Eine Studie von der Bertelsmann-Stiftung fand bereits vor der Pandemie heraus, dass an deutschen Grundschulen über die Hälfte des Musikunterrichtes ausfällt. Ein Zustand, der sich nicht allzu schnell verbessern wird, denn es fehle an Nachwuchs. Das hat mehrere Gründe, kommentiert Axel Brüggemann.
Mangel an Lehrkräften
Die Zahlen sind schockierend. 2020 hat die Bertelsmann-Stiftung herausgefunden: An Deutschen Grundschulen fällt über die Hälfte des Musikunterrichtes aus. Das bedeutet: Der Staat kann das PFLICHT-Fach Musik nicht mehr anbieten. Sport und Musik werden, ausgerechnet im Land von Bach, Beethoven Brahms als Nebenfächer behandelt. In der alten Studie hieß es: bis 2028 würde sich die Situation nicht verbessern. Und nun – nach der Corona-Pandemie – wird alles noch viel schlimmer als erwartet.
Professor Andreas Lehmann-Wermser vom Institut für musikpädagogische Forschung in Hannover (er hatte an der Studie mitgearbeitet) schlägt Alarm: Es fehle an Lehramt-Studierenden. Bewerberzahlen brechen dramatisch ein. In Hannover gibt es inzwischen weniger Bewerber als Studienplätze – und man müsse noch Bewerberinnen und Bewerber abweisen – auf Grund mangelnder Qualifikation.
Die Spätfolgen der Pandemie
Die Politik versucht bereits gegenzusteuern. Aber noch scheitern die Mittel. Bundesländer wie Brandenburg haben heute doppelt so viele Studienplätze für Musikpädagogik als 2020. Aber auch hier: es fehlen Bewerberinnen und Bewerber.
Andreas Lehmann-Wermser führt das darauf zurück, dass das praktische Erlebnis Musik in der Pandemie gelitten habe – vielen sei die Schönheit und Bedeutung der Musik nicht mehr präsent. Und natürlich läge es auch am Studium selbst: zu komplex – neben Musik müssen auch andere Hauptfächer UND Pädagogik – studiert werden. Das schreckt viele ab. Und selbst wer ein Studium beginnt, biegt während der Studienzeit oft auf den Weg einer Solo-Karriere ab.
Einstiegsschwelle zu hoch?
Eine Möglichkeit sei es, die Aufnahmekriterien anzupassen, sagt, die SPD-Kulturpolitikerin und die Präsidentin des Brandenburgischen Parlaments, Ulrike Liedtke. Sie will das Studium weniger wissenschaftlich und mehr praxisorientiert angehen. Ob sich damit die über 20.000 unbesetzten Stellen im deutschen Musikunterricht besetzen lassen?

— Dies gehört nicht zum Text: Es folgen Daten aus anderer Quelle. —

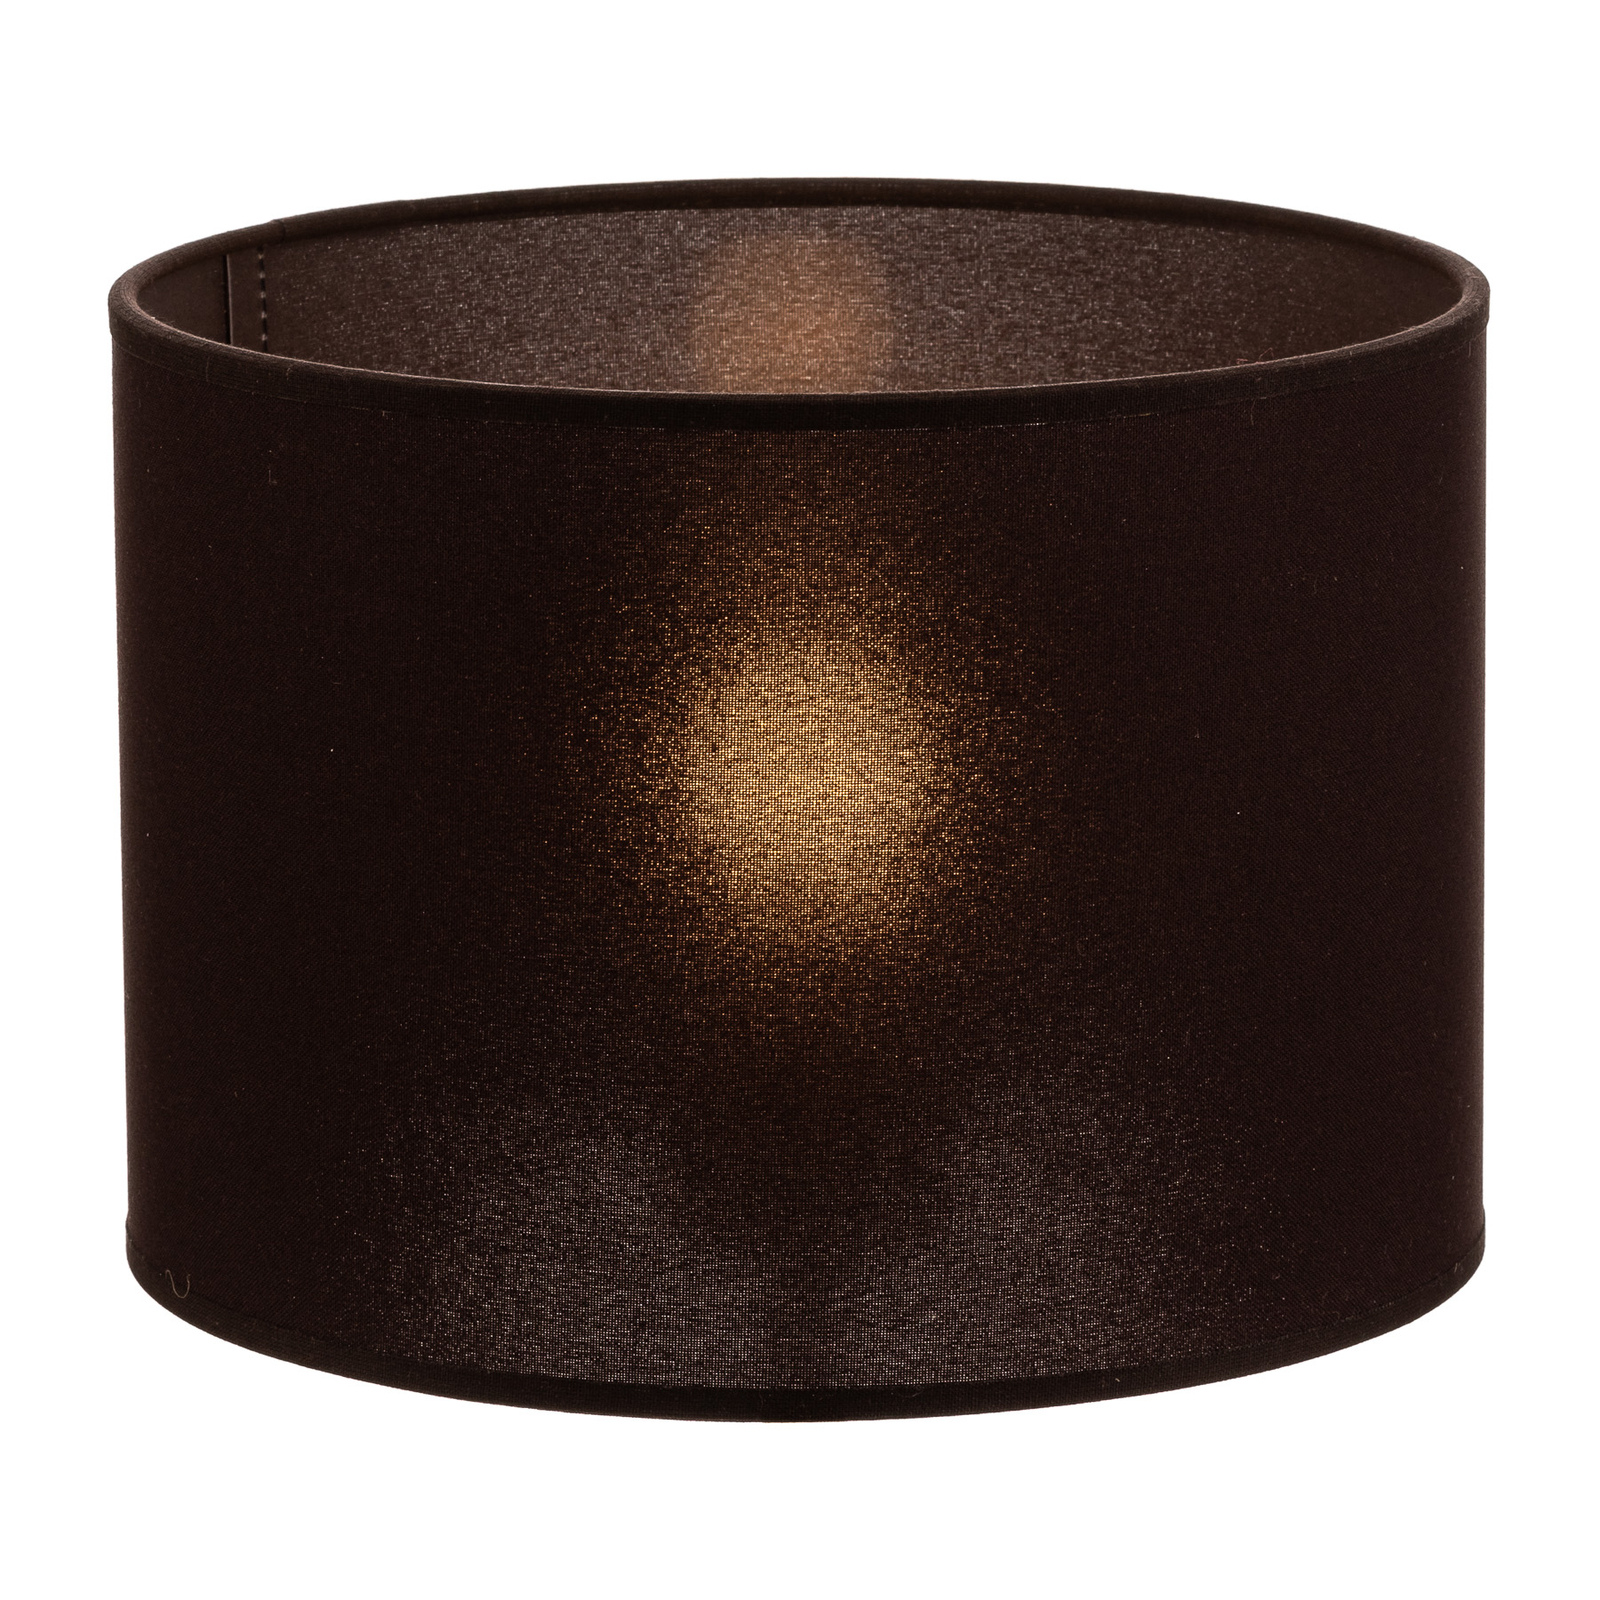 Roller lampshade dark brown Ø 25 cm height 18 cm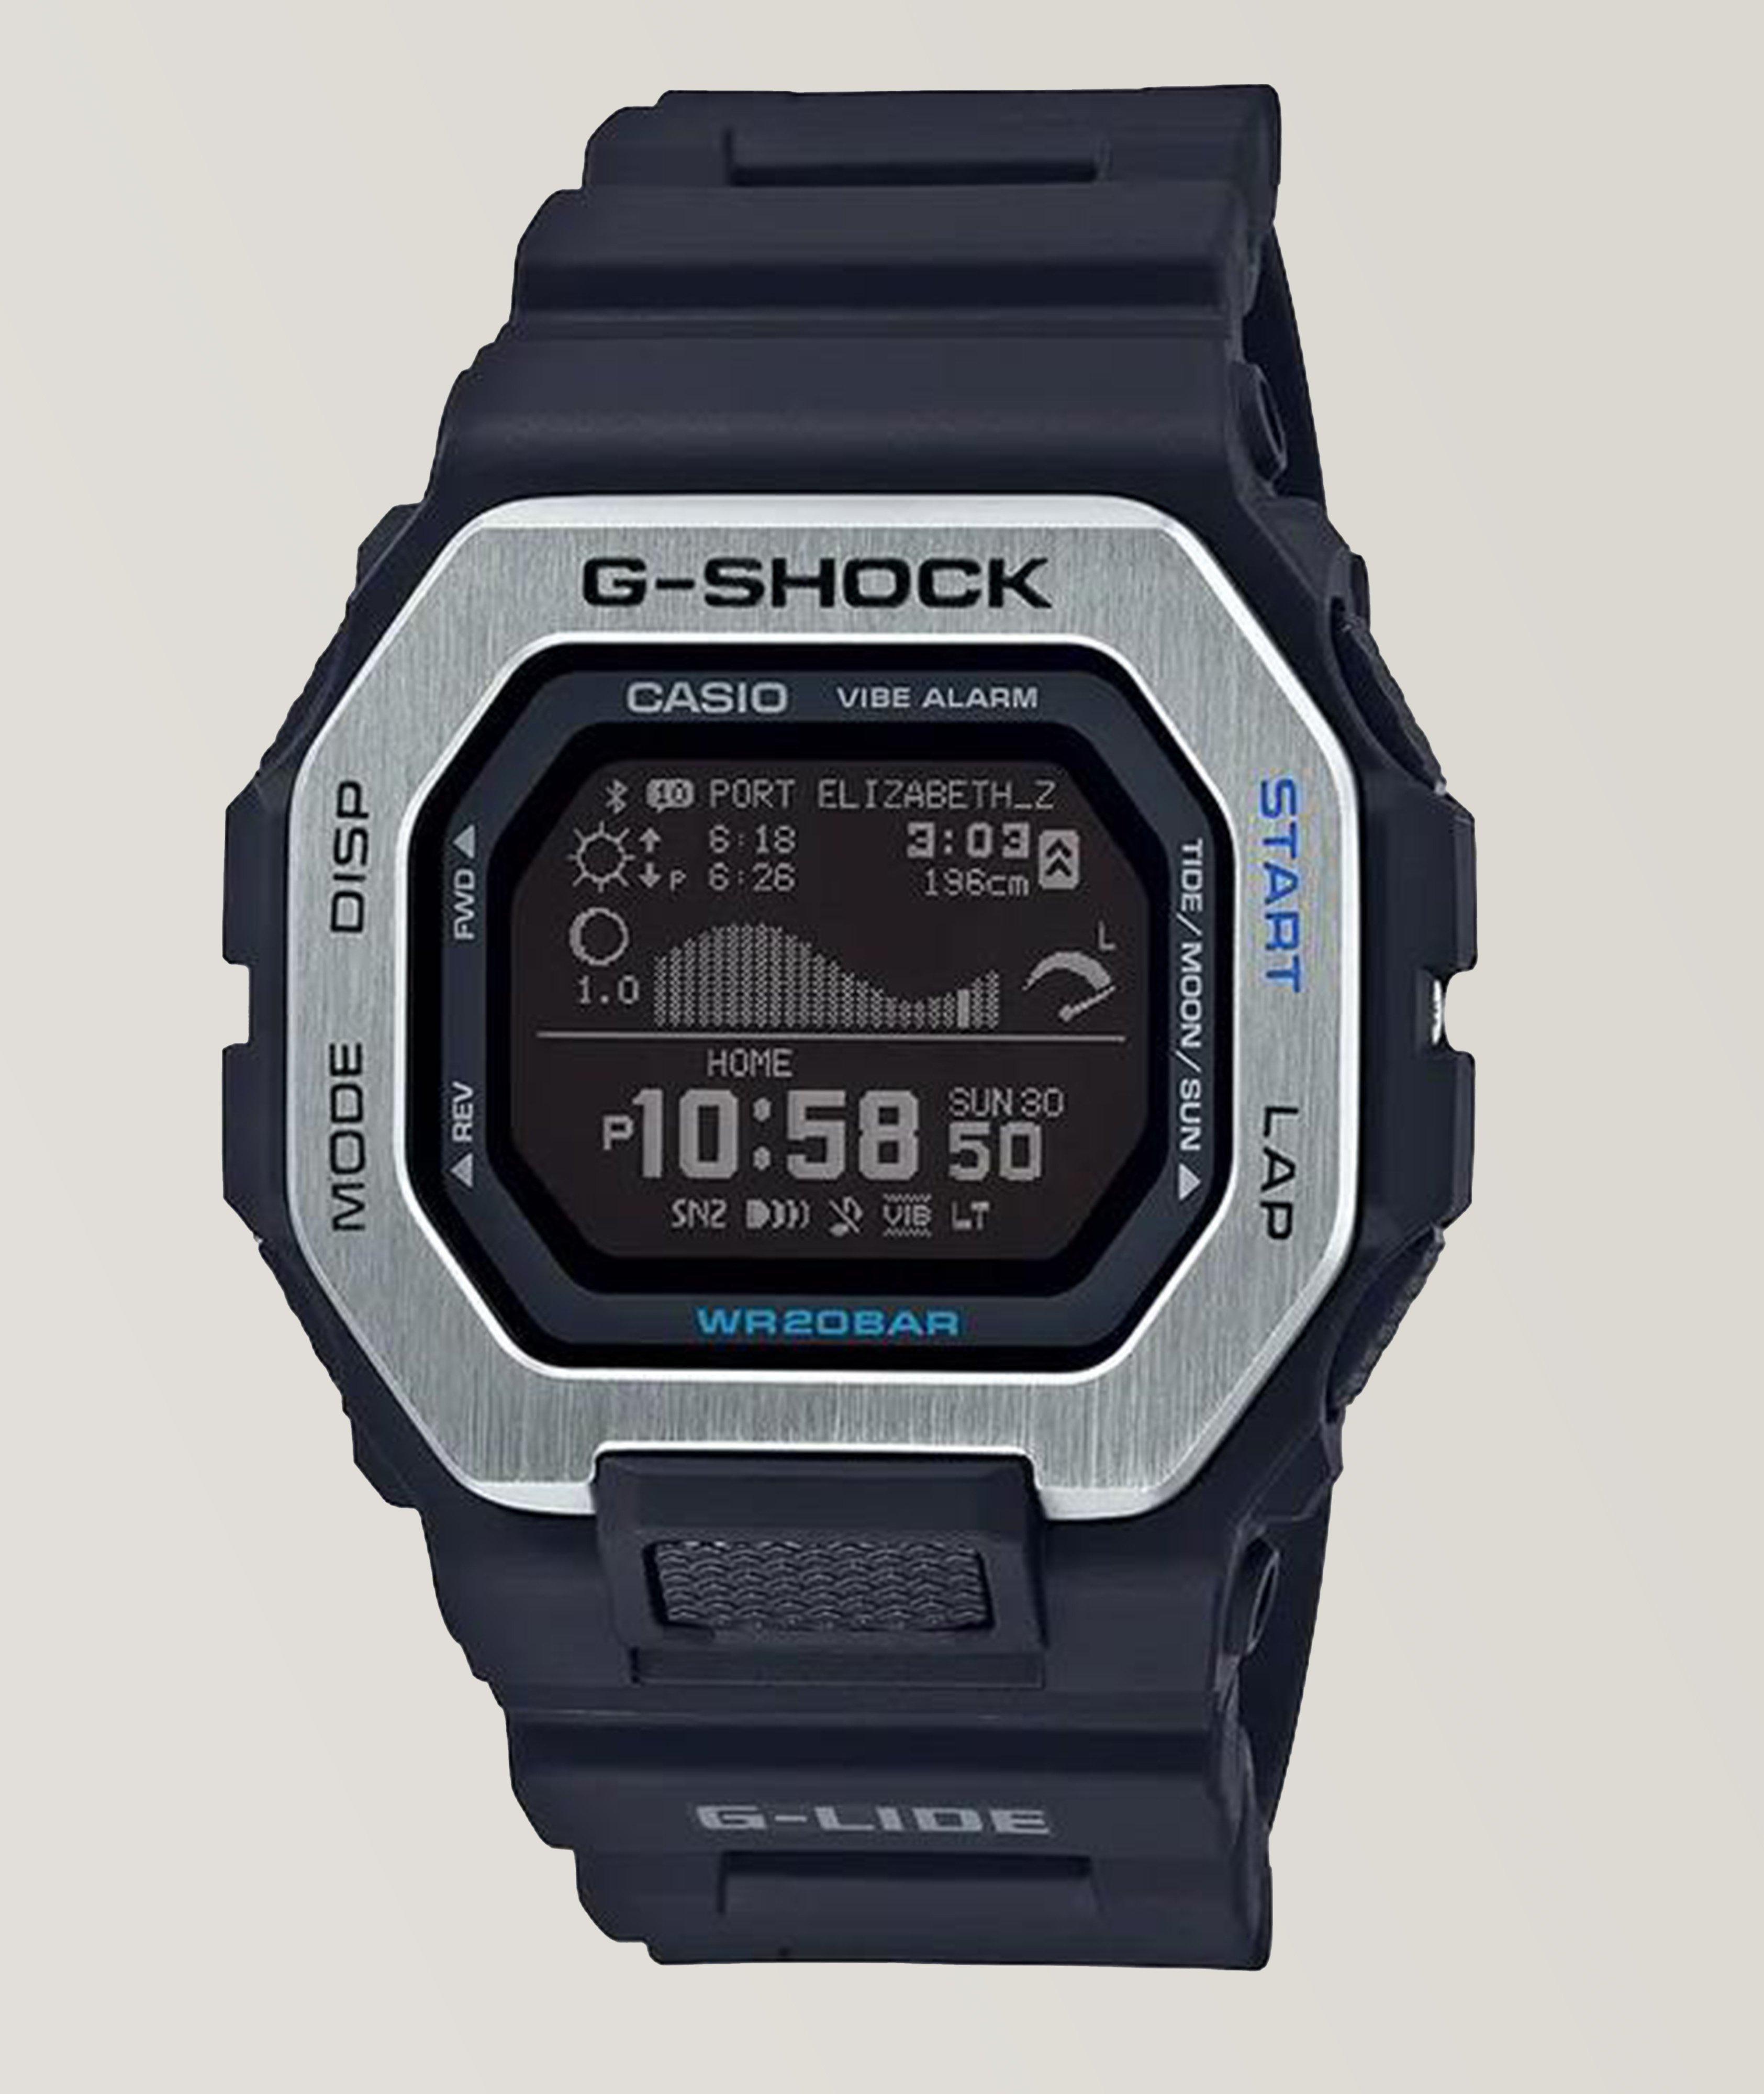 GBX100-1 Watch

Oder muss der Beruf grundsätzlich wieder attraktiver gemacht werden? Fakt ist: die Menschen, die wir heute nicht ausbilden, werden morgen auch nicht Musik unterrichten.
Wenn der Staat verpennt
Alle Studien zeigen: Musik kann ein Fach sein, das – ganz nebenbei – die größten Probleme an unseren Schulen lösen könnte: Konzentration, einander Zuhören, gemeinsames Arbeiten an einer Idee, dazu: Rhythmus, Bewegung und Phantasie.
All das geht gerade verloren! Musik gehört nicht mehr zur Selbstverständlichkeit einer deutschen Schulausbildung.
Wenn wir dieses Problem nicht lösen, brauchen wir uns in deutschen Theatern und Orchestern auch keine Gedanken mehr um Publikumsbindung machen. Den Institutionen wurden in den letzten Jahren immer mehr pädagogische Programme auferlegt. Sie sollen durch Kinder- und Jugendkonzerte plötzlich erfüllen, was der Staat verpennt: musikalische Bildung für alle!
Debatte erforderlich
Es ist Alarmstufe Rot. Über die Hälfte Unterrichtsausfall – in einem Land wie Deutschland. Das Problem lässt sich nicht im Hau-Ruck-Verfahren lösen. Wir brauchen jetzt eine Debatte, wie wir es gemeinsam schaffen, den Musikunterricht in Deutschland wieder interessant zu machen. Für die Schülerinnen und Schüler – aber auch für die Musiklehrerinnen und Musiklehrer!